Genotype distribution of COX-2-1195G>A and -765G>C in case and control family groups.

Locus genotype Case family group (%)(n=296) Control family group (%)(n=319) OR (95% CI)
COX-2-1195
 G/G 53 (17.9) 80 (25.1) 1.0
 G/A 145 (49.0) 166 (52.0) 1.32 (0.86–2.01)
 A/A 98 (33.1) 73 (22.9) 2.03 (1.27–3.22)a
 A carriers 243 (82.1) 239 (74.9) 1.55 (1.02–2.28)a
 G allele 251 (42.4) 326 (51.1) 1.0
 A allele 341 (57.6) 312 (48.9) 1.42 (1.09–1.81)a
COX-2-765
 G/G 241 (81.4) 275 (86.2) 1.0
 G/C 53 (17.9) 43 (13.5) 1.41 (0.91–2.20)
 C/C 2 (0.70) 1 (0.30) 2.28 (0.20–25.38)
 C carriers 55 (18.6) 44 (13.8) 1.44 (0.91–2.23)
 G allele 535 (90.4) 593 (92.9) 1.0
 C allele 57 (9.60) 45 (7.10) 1.45 (0.92–2.25)
a

Significant difference between study and control group (P<0.05). CI, confidence interval.

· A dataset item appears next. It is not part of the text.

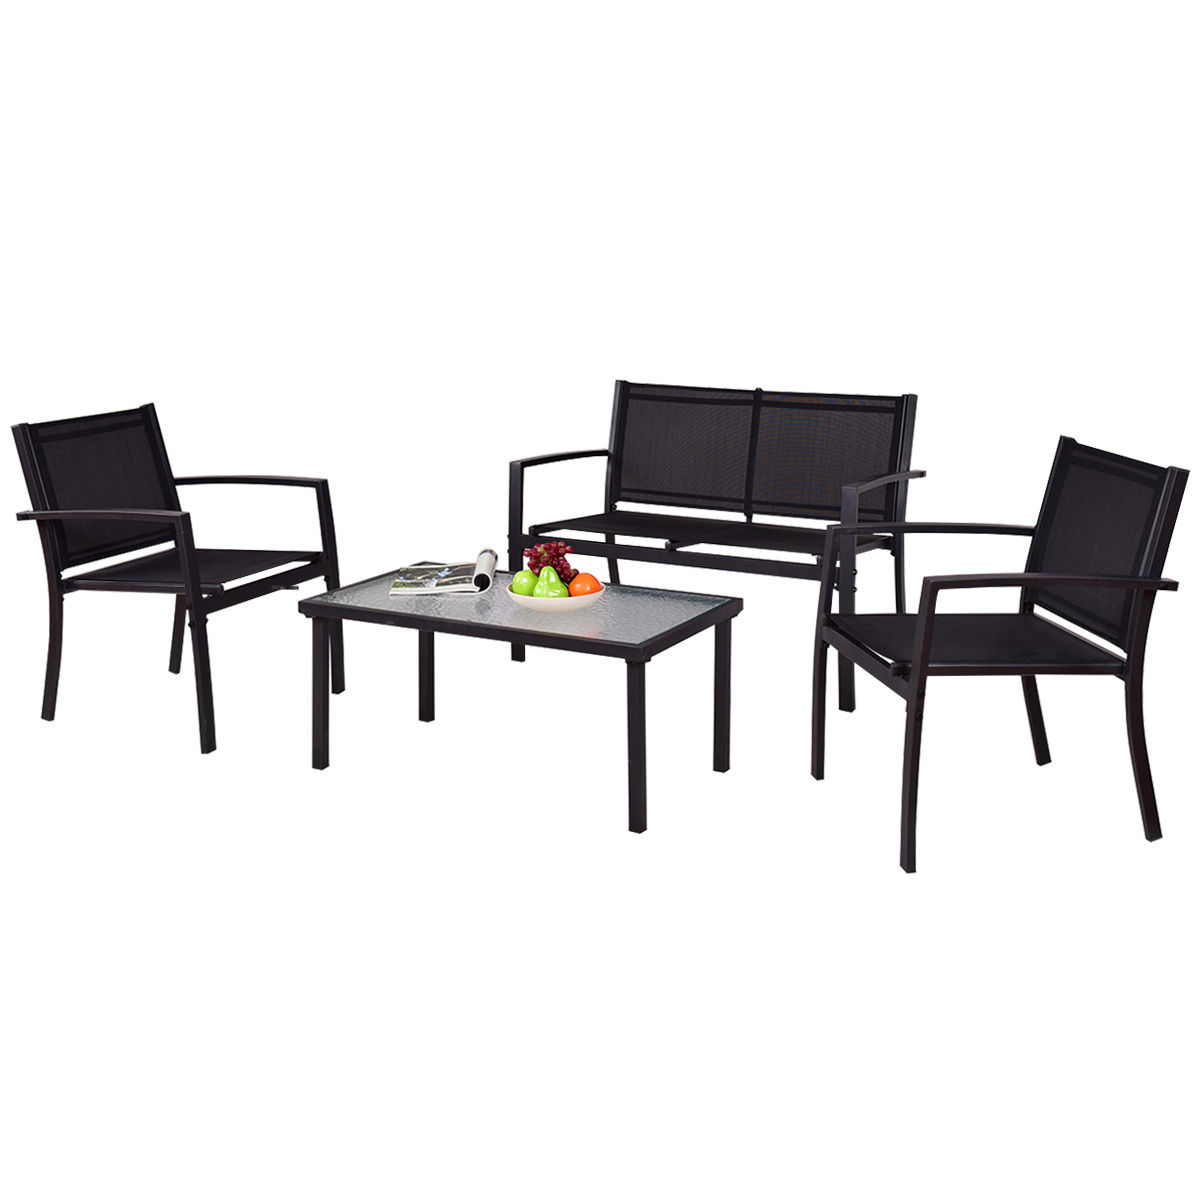 4 pcs Patio Steel Frame Coffee Table Furniture Set

Genotype distribution of COX-2-1195G>A and -765G>C between various degrees of relationship

As shown in Table III, the genotype distribution of COX-2-1195G>A and -765G>C in different relative grades between the case and control family members was further examined. Since the spouse had no genetic affinity with the host of the family, the spouse was disregarded while analyzing the gastric cancer genetic susceptibility. The OR value of COX-2-1195 AA genotype in the first-degree relatives (OR=3.35; 95% CI, 1.69–6.12) was higher than that in the second-degree relatives (OR=2.66; 95% CI, 1.06–6.82). Similarly, the OR values of A carriers (GA + AA) and A allele exhibited a diminished trend from closer degrees of relationship (A carriers: first-degree relatives: OR=2.11; 95% CI, 1.19–3.67; second-degree relatives: OR=1.98; 95% CI, 0.89–4.63; A allele: first-degree relatives: OR=1.77; 95% CI, 1.29–2.41; second-degree relatives: OR=1.69; 95% CI, 0.99–2.68). Compared with the GG genotype, the mutant genotype distribution of -765G>C was not correlated with gastric cancer in the first- or second-degree relatives, due to the fact that the OR values included 1.00 (C carriers: first-degree relatives: OR=1.62; 95% CI, 0.89–2.87; second-degree relatives: OR=1.35; 95% CI, 0.54–3.22).

Table III.

Genotype distribution of COX-2-1195G>A and -765G>C between various degrees of relationship (disregarding spouse).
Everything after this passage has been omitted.